■ Provided information ■
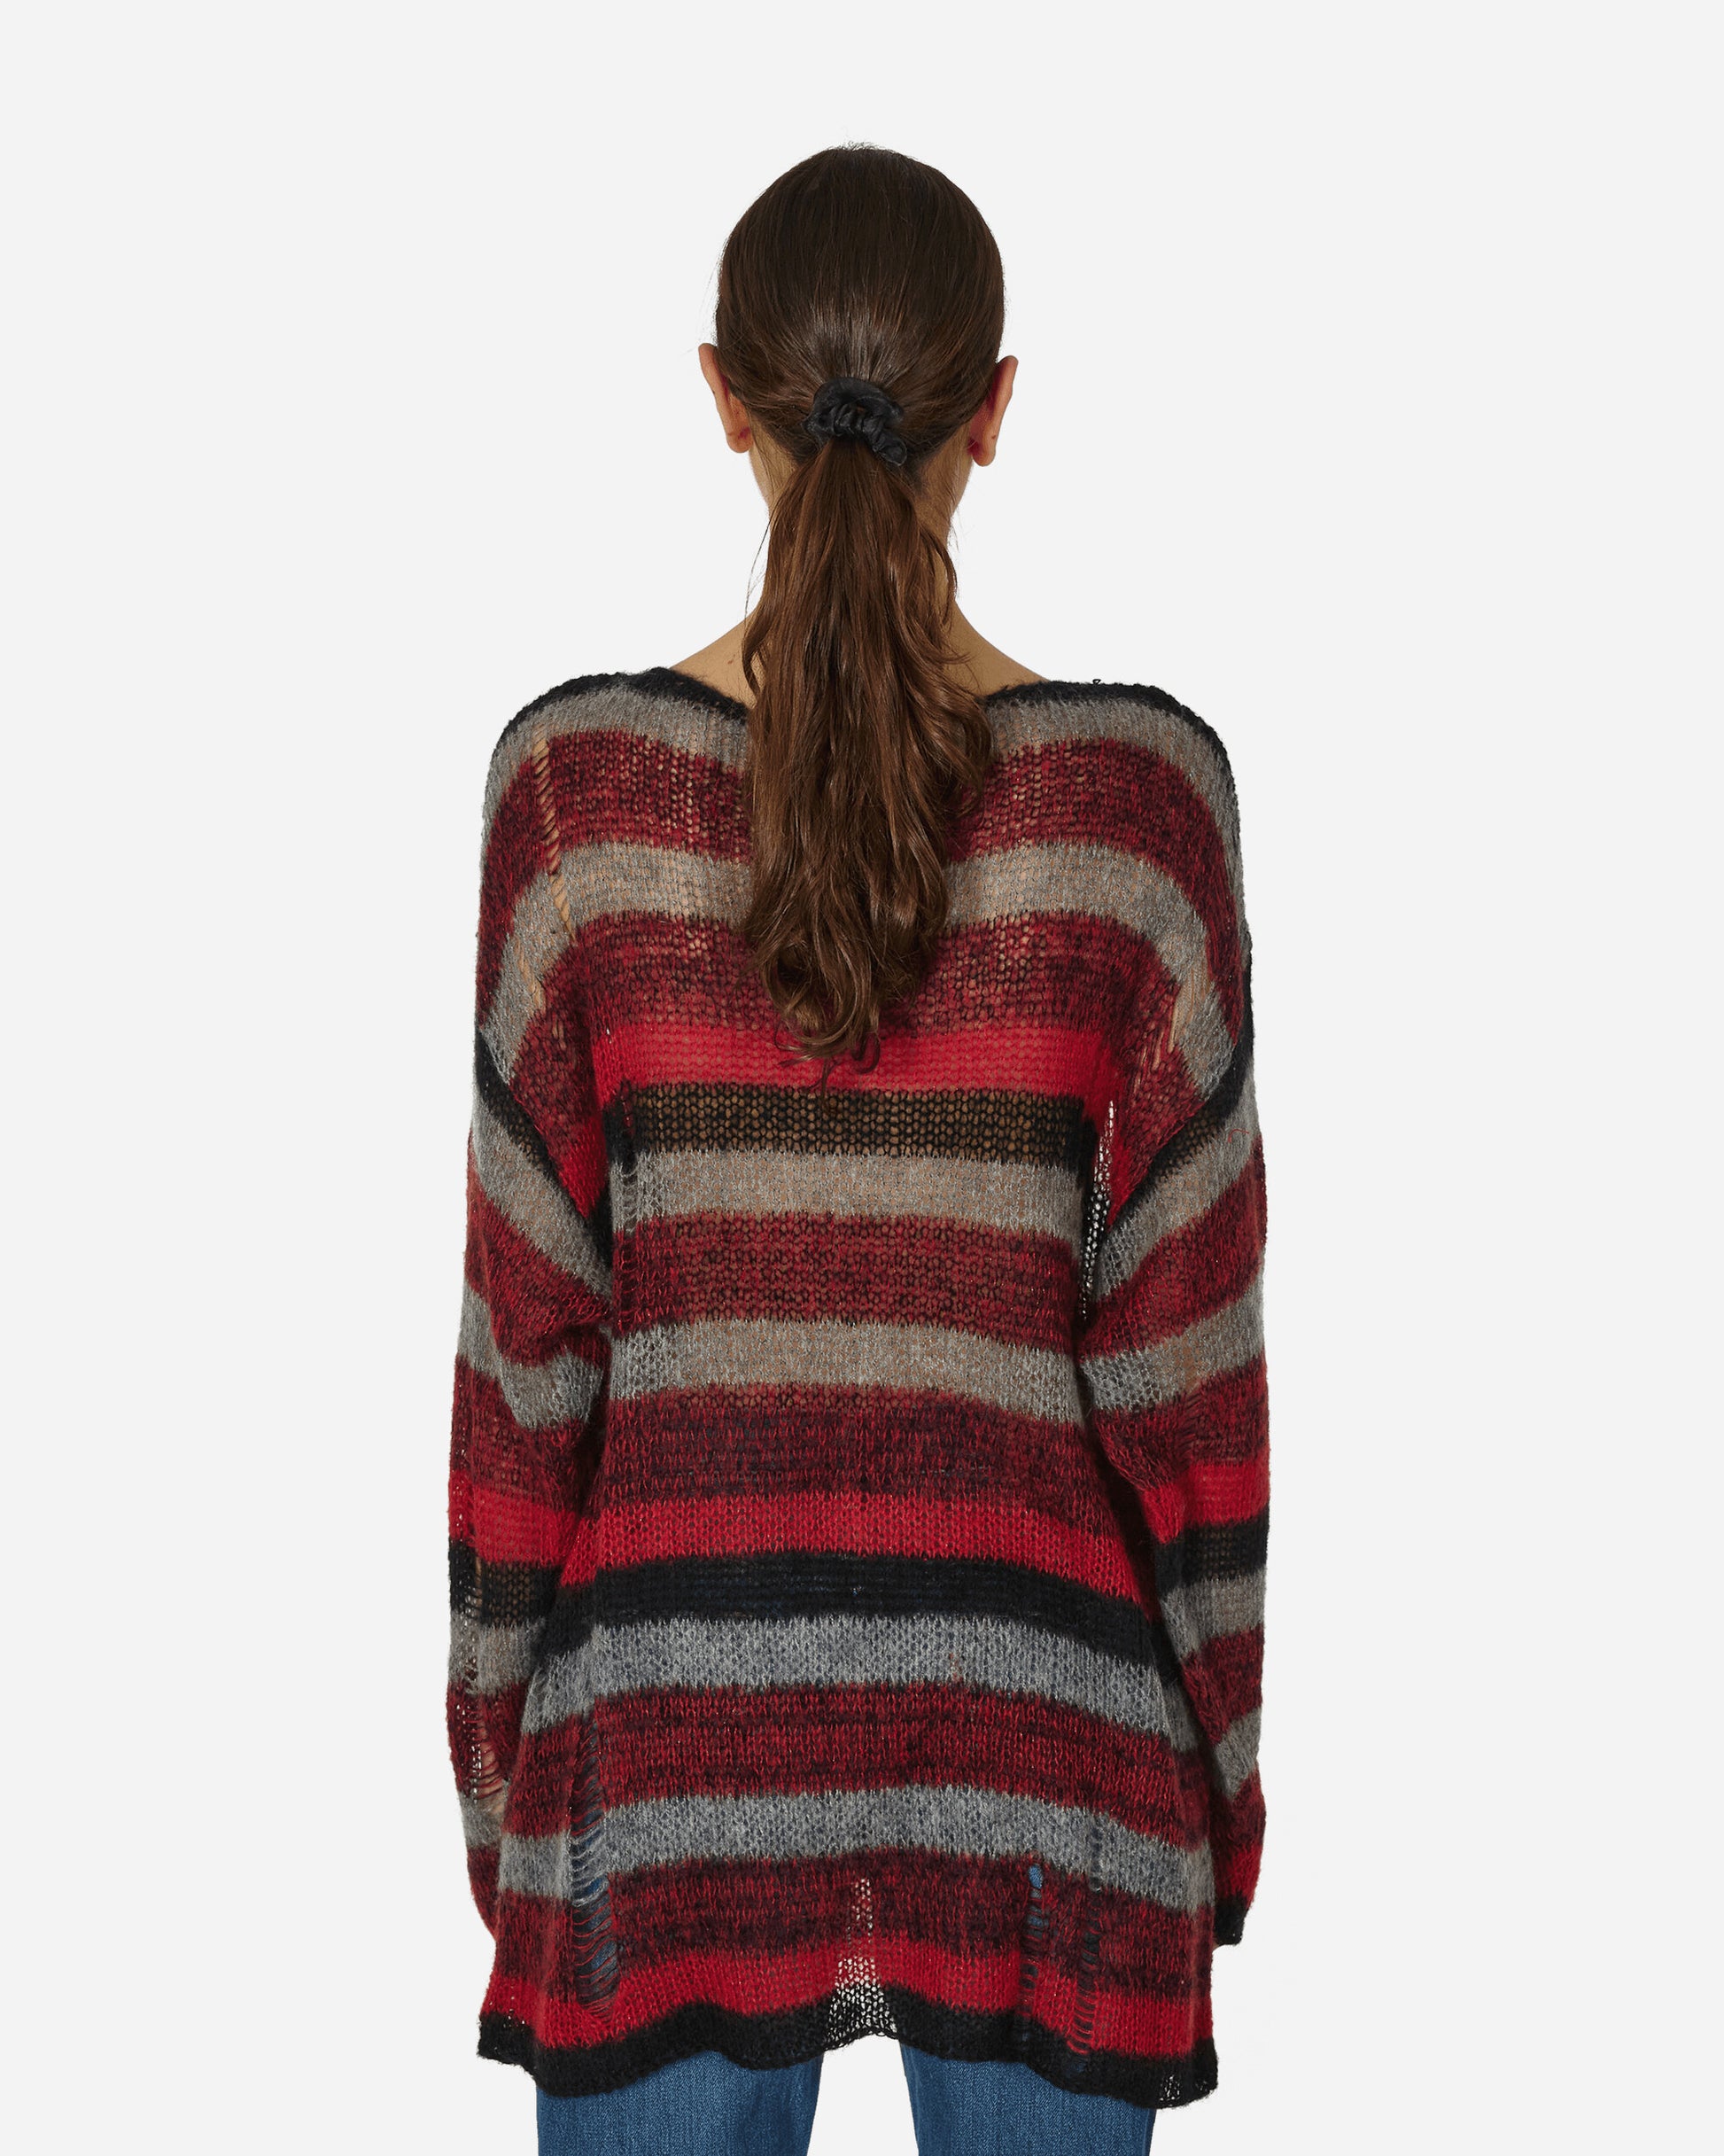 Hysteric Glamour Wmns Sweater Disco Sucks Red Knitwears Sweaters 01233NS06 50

---

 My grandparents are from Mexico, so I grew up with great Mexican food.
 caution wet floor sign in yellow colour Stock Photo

--

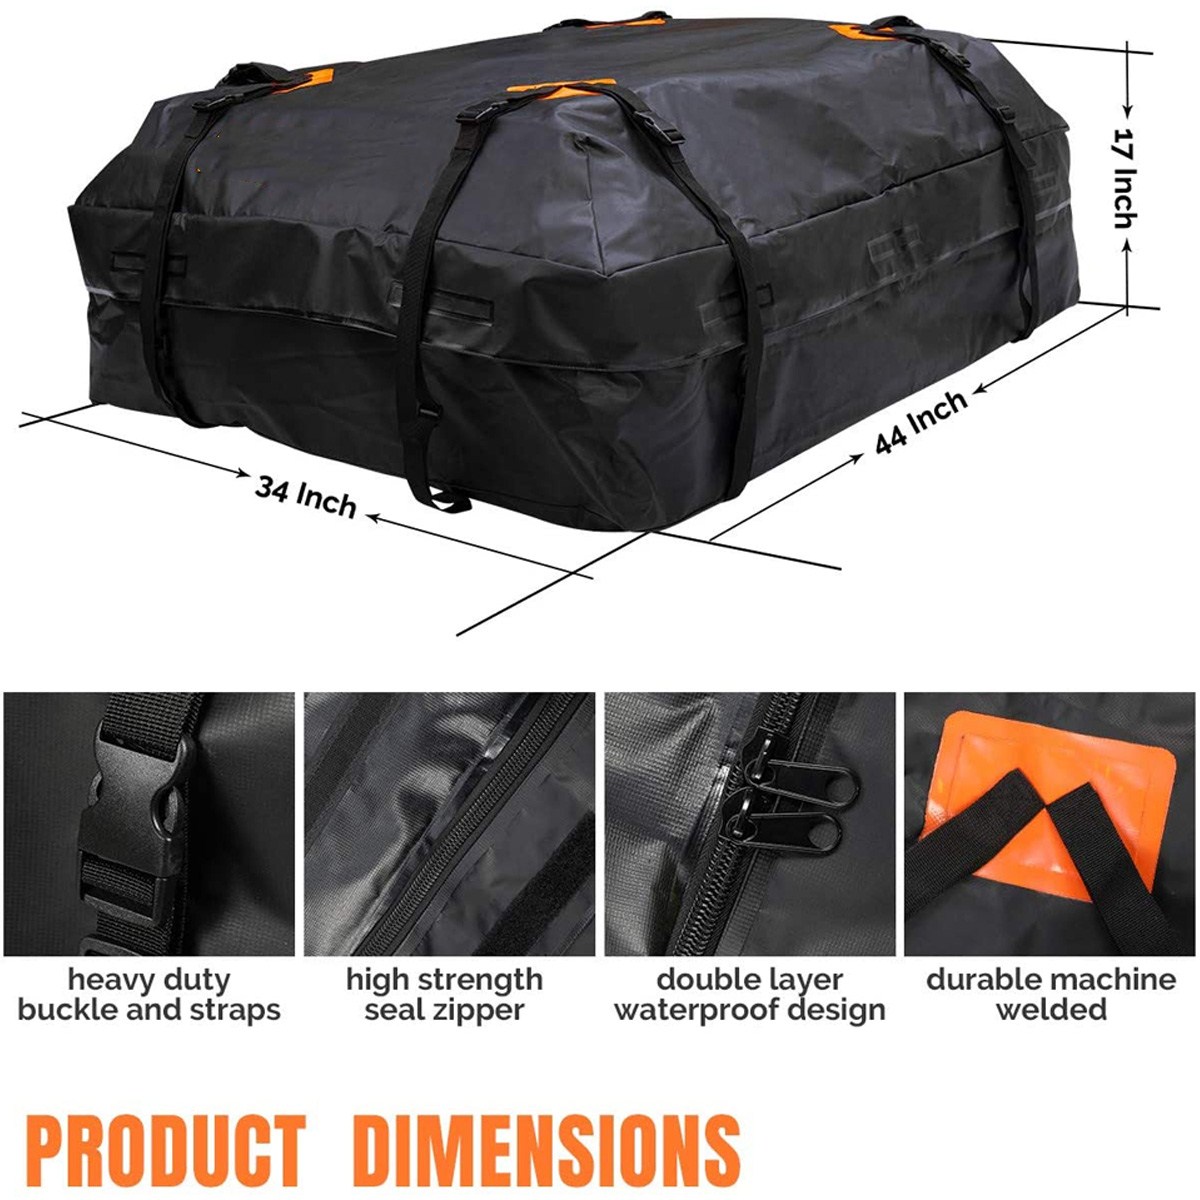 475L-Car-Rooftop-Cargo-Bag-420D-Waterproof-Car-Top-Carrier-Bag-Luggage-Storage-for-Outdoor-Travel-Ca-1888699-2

■ Directions ■
Please, from the entries above, set down exactly the lines from the one containing "My grandparents are" through the one containing "caution wet floor", and only those.

■ Response area ■
 My grandparents are from Mexico, so I grew up with great Mexican food.
 caution wet floor sign in yellow colour Stock Photo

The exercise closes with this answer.